Augustus
Augustus copied to clipboard
PanSN is incompatible with gff2gbSmallDNA.pl
Hello,
In a pangenome project in A. thaliana we have adopted @ekg's PanSN contig naming scheme. Specifically, we name contigs like ${INDIVIDUAL}#${HAPLOTYPE_N}#${CONTIG_OR_CHROM}
, e.g. at9900#1#chr1
.
However, gff2gbSmallDNA.pl line 106 removes anything following the first # in a GFF line, which in our case leaves just the individual name (and completely breaks both Augustus and BUSCO).
One could argue that #
is an eclectic choice for a field separator, but all the sensible ones have already been taken in e.g. the names of individuals etc, hence (I think) why PanSN recommends the #
delimiter. Given that I'm pretty sure GFF files never have in-line comments, would you consider changing the line linked above to remove only comments that start at the start of a line?

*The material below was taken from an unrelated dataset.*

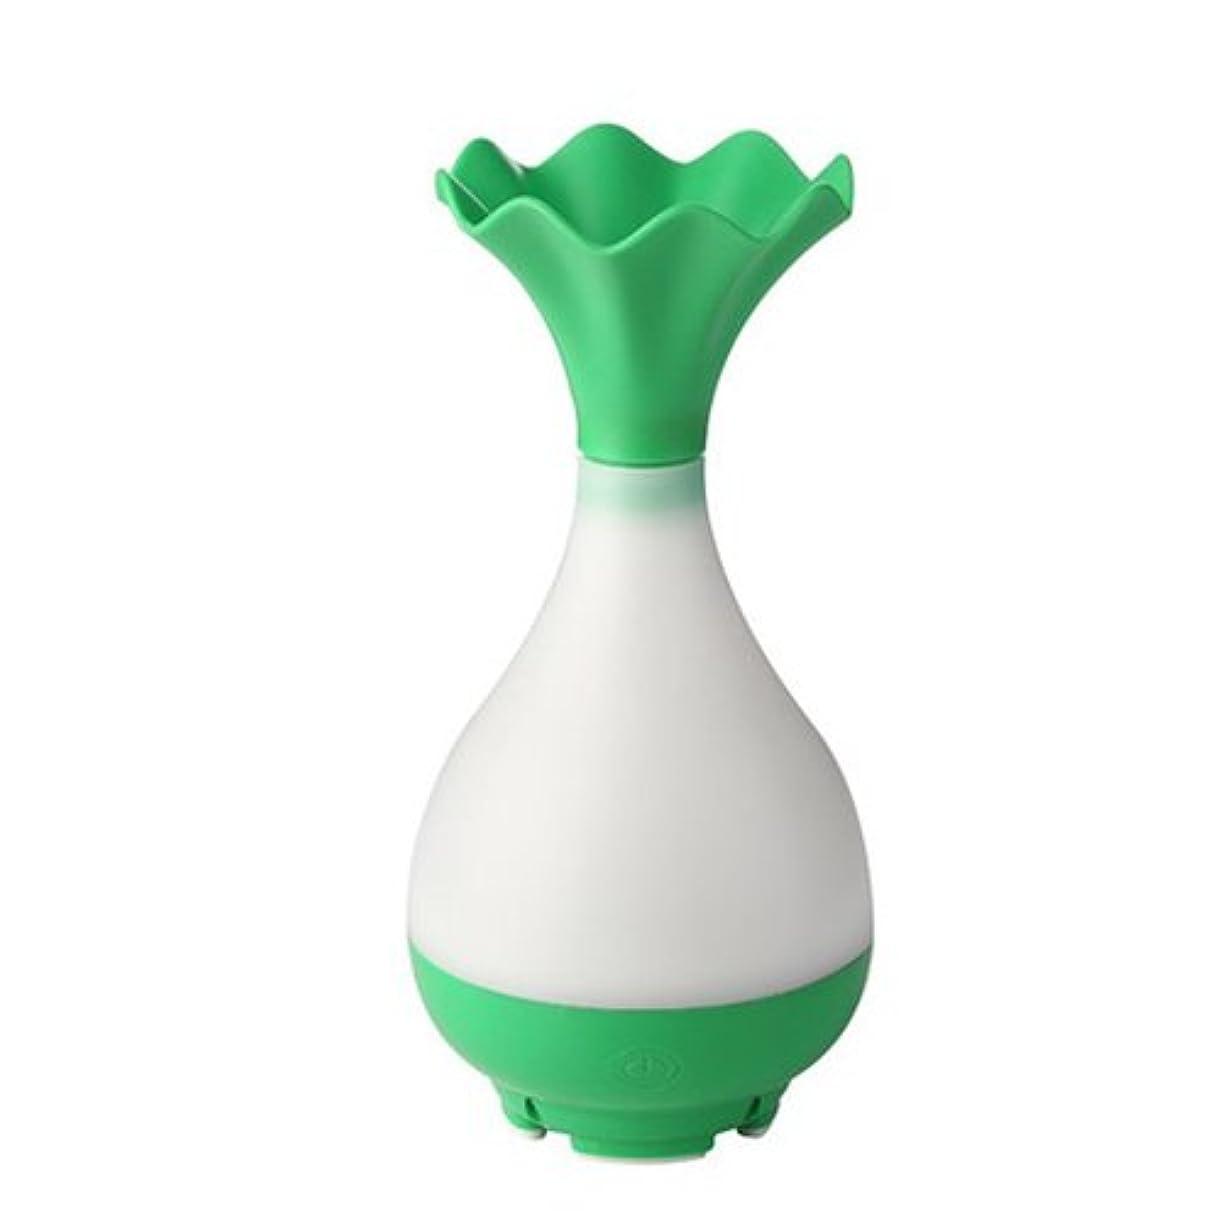 試す魅力滞在Mystic Moments   Green Vase Bottle USB Aromatherapy Oil Humidifier Diffuser with LED Lighting

I'm tagging @ekg here as perhaps changing the recommended PanSN delimiter (e.g. to ~
or !
) would be a more complete solution?
In any case for now I've changed line 106 to s/^#//;
, i.e. only remove comments from the start of the line, which has fixed the issue for me.
Best, Kevin
There is software, like the parser https://agat.readthedocs.io/en/latest/gxf.html that allows comments elsewhere than at at the start of the line. The Sanger allows such in-line comments in their GFF spec: https://web.archive.org/web/20010208224442/http://www.sanger.ac.uk:80/Software/formats/GFF/GFF_Spec.shtml
Your solution might brake inputs from programs that use such comments, but it appears that the could be a compromise where one considers #
as comment introducing if there were already 7 tabs before it in a line.